Aussi, Anne Rice nous plonge dans l’Egypte Ancienne dans ce tome, avec la montée en puissance des dieux égyptiens face à une autre religion plus primitive. Et cela a donné la Légende des deux jumelles qui vous poursuivra tout au long du récit, récit monté en une espèce de thriller pour découvrir toutes ces origines. Bien entendu, Lestat, notre soleil vampirique, est au centre de ce cette intrigue, mais pas que. Il n’est qu’un instrument, un déclencheur qui va amener tous les anciens vampires à se mobiliser pour stopper la volonté de régner d’Akasha

 

 

Des personnages toujours aussi attachants.

 

Akasha est une ancienne reine d’Egypte et Anne Rice arrive à nous retranscrire en un sens son raisonnement primitif. Comme elle le dit si bien, toute sa vie mortelle s’est faite en régnant, et elle ne voit pas d’autre option que de régner.

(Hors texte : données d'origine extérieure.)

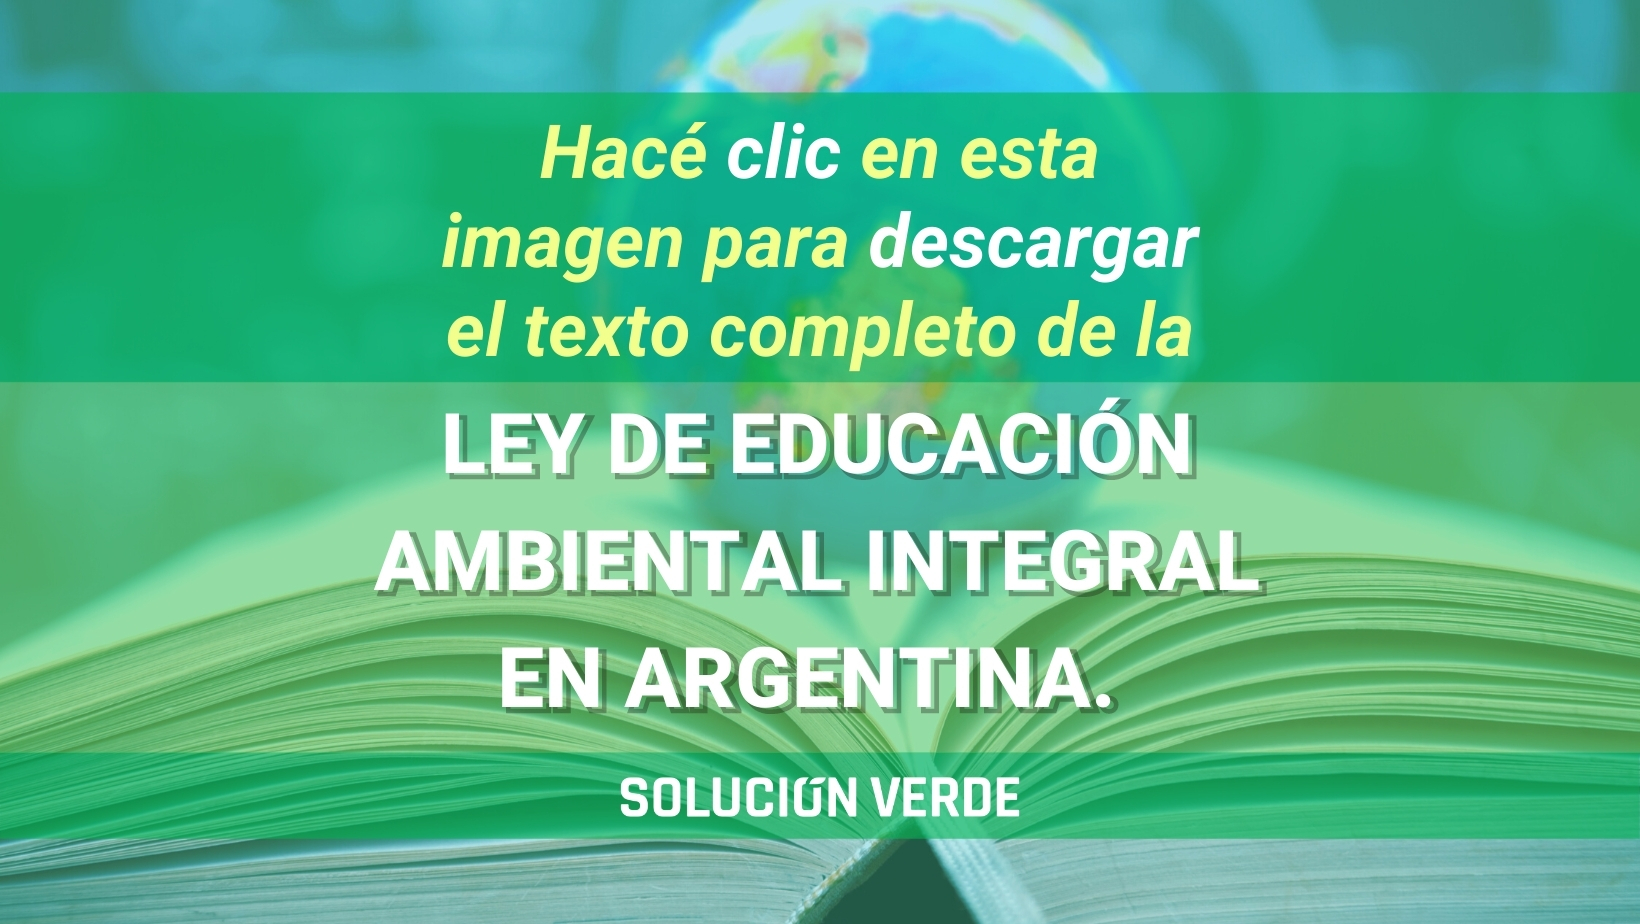 Hacé clic aquí para decargar el texto completo de la Ley de Educación Ambiental de Argentina 2021

On voit qu’elle ne souffre aucune contradiction et prend ce qu’elle veut, sur qui elle veut. Pour elle, les autres ne sont que des pions qui l’aideront à accomplir ses dessins.

 

Lestat est toujours aussi incorrigible, fanfaron et briseur de règles. On le retrouve avec plaisir, surtout lorsqu’il passe un petit moment avec son ancien compagnon : Louis. Ils n’ont pas perdu de leur complicité et de leurs vieilles habitudes. Et enfin de compte, on se prend à repenser au premier opus avec plus de tendresse. Le souvenir de Claudia, leur fille, est toujours aussi présent et Anne Rice a su garder ces sentiments intacts. On se prend donc à s’attacher à ce vieux couple qui malgré leurs différences, ont toujours un profond attachement entre eux.

 

Armand et Marius ont aussi leur place, entre leurs déceptions, leurs rancœurs et leurs espoirs. Ils vont être des maillons importants de ce récit, même s’ils sont secondaires.

 

Quant aux jumelles. Je ne peux rien vous dire à part le fait que nous nous attachons à leur épopée, à leur descendance, et j’ai rarement eu autant d’affection pour des personnages. Pas de l’amusement ou de l’énervement, ou autre comme Lestat qui déchaine des passions. Mais en ce qui concerne les jumelles, on en a l’affection que l’on pourrait avoir pour les anciens, tout simplement.

 

 

En conclusion : le style d’Anne Rice m’a encore emballée à des heures indues (j’ai levé mon nez vers trois heures du matin, pendant qu’il était 23 heures). J’aime son style délicat, ses descriptions et le choix de ses mots. J’ai adoré le lire autant en VO qu’en VF (un grand merci pour le choix des traducteurs). A découvrir absolument si vous aimez les longues sagas bien recherchées. Et je vous dis à bientôt pour le prochain opus.